As of writing this I’ve only been at WhiteHat for 1.5 months, it’s a challenging environment and I’m having to learn faster and more effectively due to the startup nature, and due to the fact that the entire tech stack is built in Elixir, Elm and PostgresDB, and aside from what I’ve gathered from ES6 and Redux, I’ve never done any functional programming.
But I’m learning, I’m meeting people, I’m seeing engineering life through the eyes of a small company that’s rapidly growing and expanding it’s territory and I’m excited. The future is bright for this little ~50 person start-up and I think we can do great things.
Aside from being pumped to get into a whole new tech stack and get some experience doing backend work, I’m actually optimistic about what we can achieve and what we’re doing, it’s a mission that isn’t just selling expensive things to people that can afford it, and it turns out that’s important to me.

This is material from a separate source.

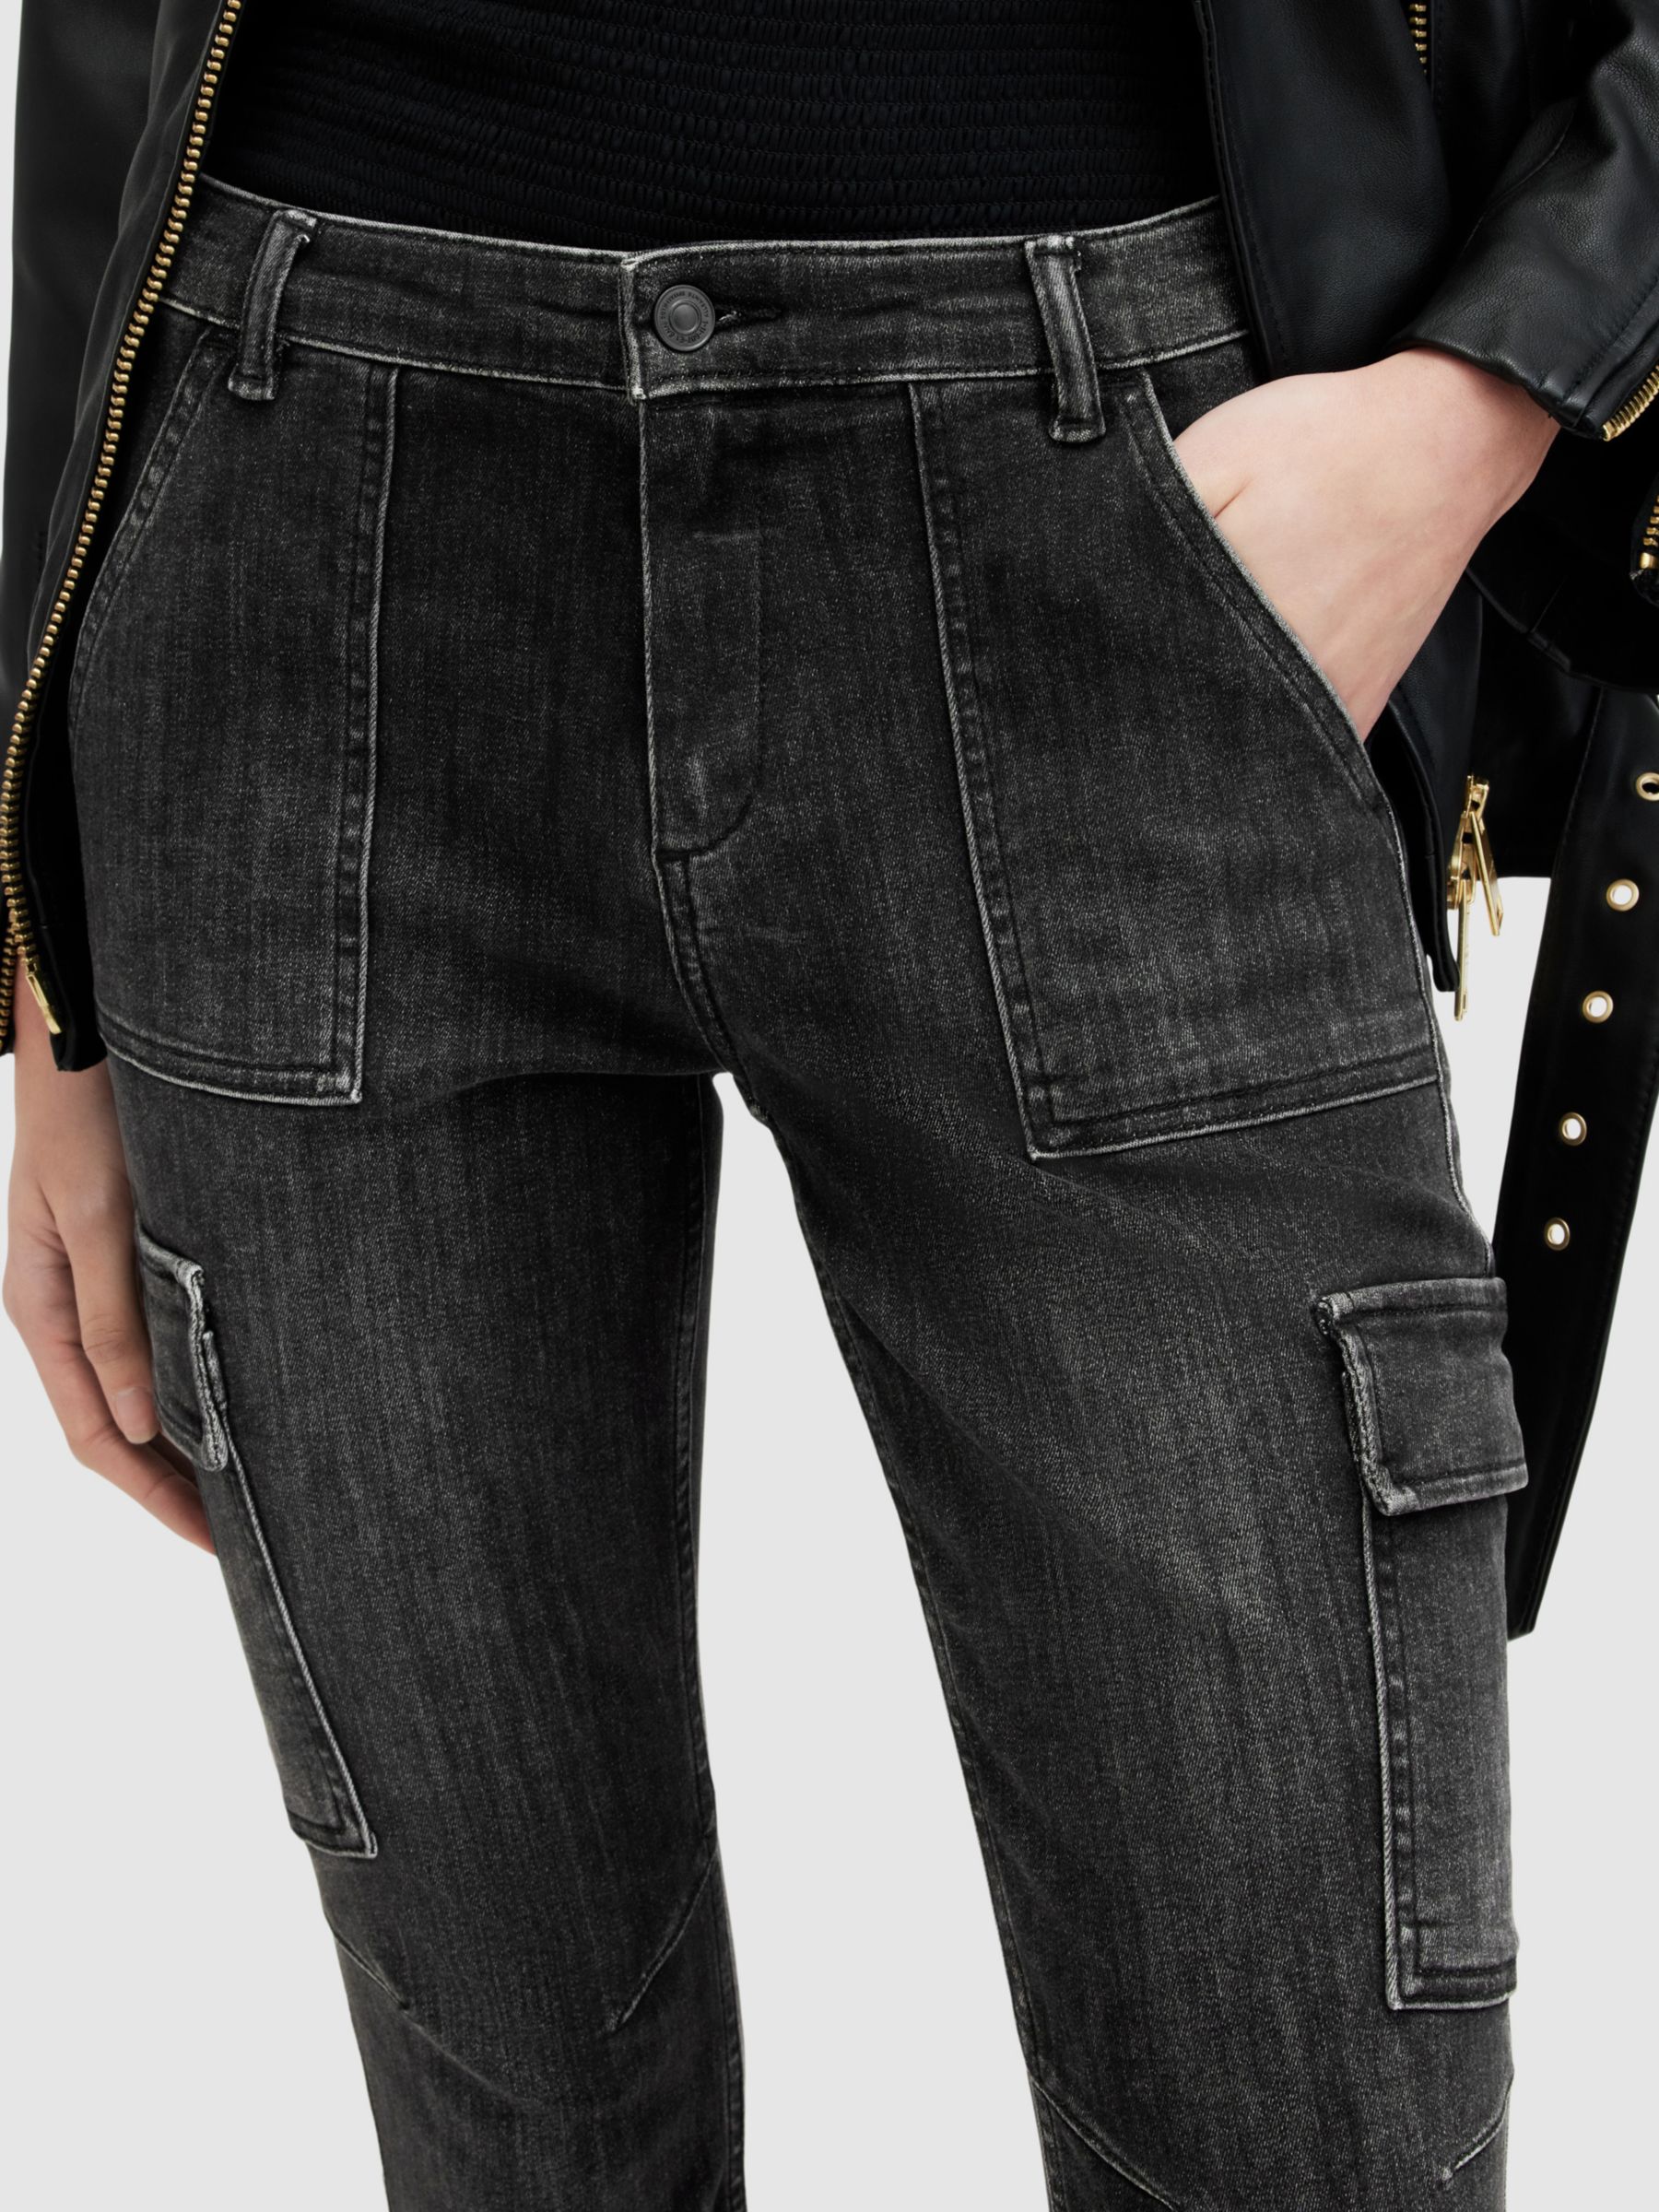 AllSaints Duran Cargo Jeans, Washed Black at John Lewis & Partners

Moving jobs is scary. Especially if you’ve been there for a while and resonate with the people and the memories you’ve had there. But if you’re finding yourself no longer challenged, no longer interested, no longer learning or no longer caring about the work that you’re doing then maybe it’s time to look elsewhere.
It doesn’t have to be as scary as you think.

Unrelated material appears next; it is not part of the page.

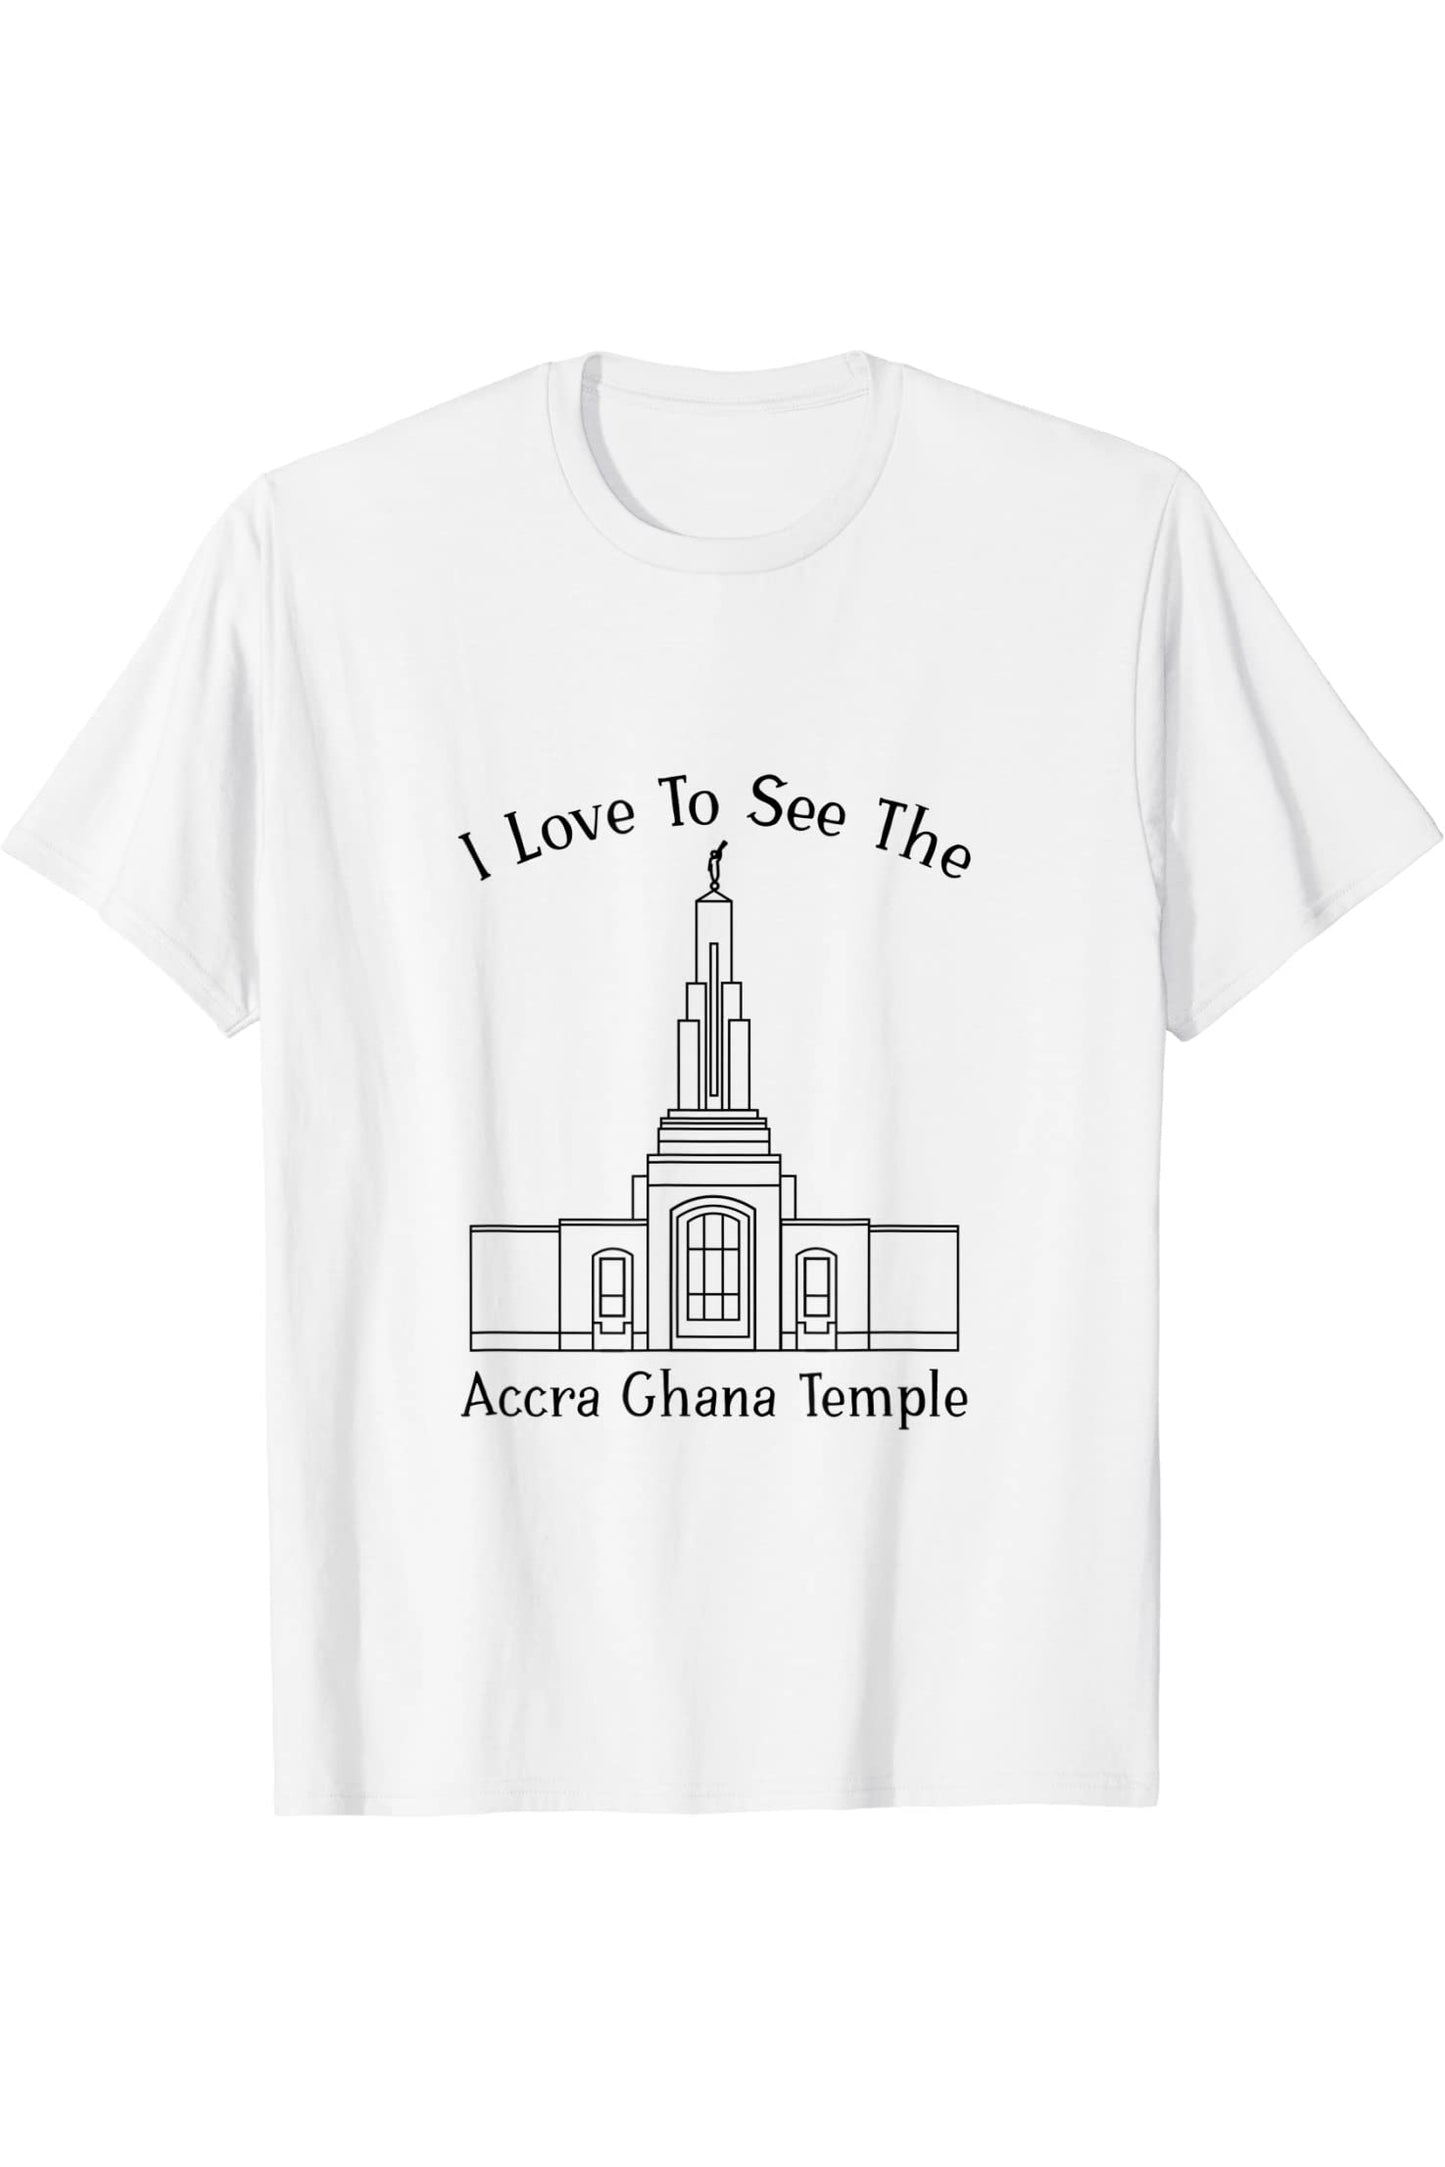 Accra Ghana Temple T-Shirt - Happy Style (English) US

Other companies are also doing incredible things. Just because your current company does some things in a great way doesn’t mean others don’t and it doesn’t mean you’d be missing out elsewhere.

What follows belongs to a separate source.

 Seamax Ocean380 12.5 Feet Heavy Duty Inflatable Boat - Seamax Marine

SkyScanner had an incredible devops setup which really blew me away. It also had some immensely talented people working in lots of different, varied teams and it was trying to establish an objectively good working culture — even if I had some issues with it.
Net-A-Porter had an immensely sharp eye for detail in it’s front-end technical teams and were headed up by some fantastic product, tech and delivery leads. My old teams admiration and drive to get testing, performance and user experience nailed was immense and it helped mould me into the developer I am today. It was also home to some of the most incredible people I know.
But you learn things by moving and it helps you get over the fear. I’m not scared of looking for new opportunities as I once was because I now know that whilst the grass isn’t always greener, it’ll still give you learning experiences and teach you things about the industry and yourself that you didn’t know.
If you know exactly what you want to be working on, what excites you and you’ve gathered or are working on the skills needed for it then you’re half way there.
Software Engineers are lucky — the market is currently fantastic and innovations in tech are bringing about new opportunities every day. Just make sure that when you’re looking for them you really question what’s important to you.
In interviews, ask about the culture, ask them about what sort of work you’re really going to be doing and see if you can talk to the developers that already work there. Get an insight into how they release, how they build things, what’s in the roadmap, how they get feedback on their product, how they A/B test, how they test in general, really dig deep.
Also remember that when you’re being interviewed, you’re also interviewing them. Don’t sell yourself short and recognise that this company wants you otherwise they wouldn’t bother taking the time to find out.
They have needs but so do you.
By moving jobs you release yourself of the fear that other jobs won’t be as good or that you won’t make as many friends or have as good of a time. You might not, but each time you move you’ll expose yourself to new ways of thinking, new tech stacks, different work cultures and a bump in salary because let’s be honest, people care about money because money is important. Move and you’ll get more than staying (generally).
Be picky about where you wanna go and know what it is you want out of the job. Is it the product, the tech, the money? Know what you want, learn the skills and don’t get attached to a place because you are good enough to work elsewhere, even if you don’t believe you are.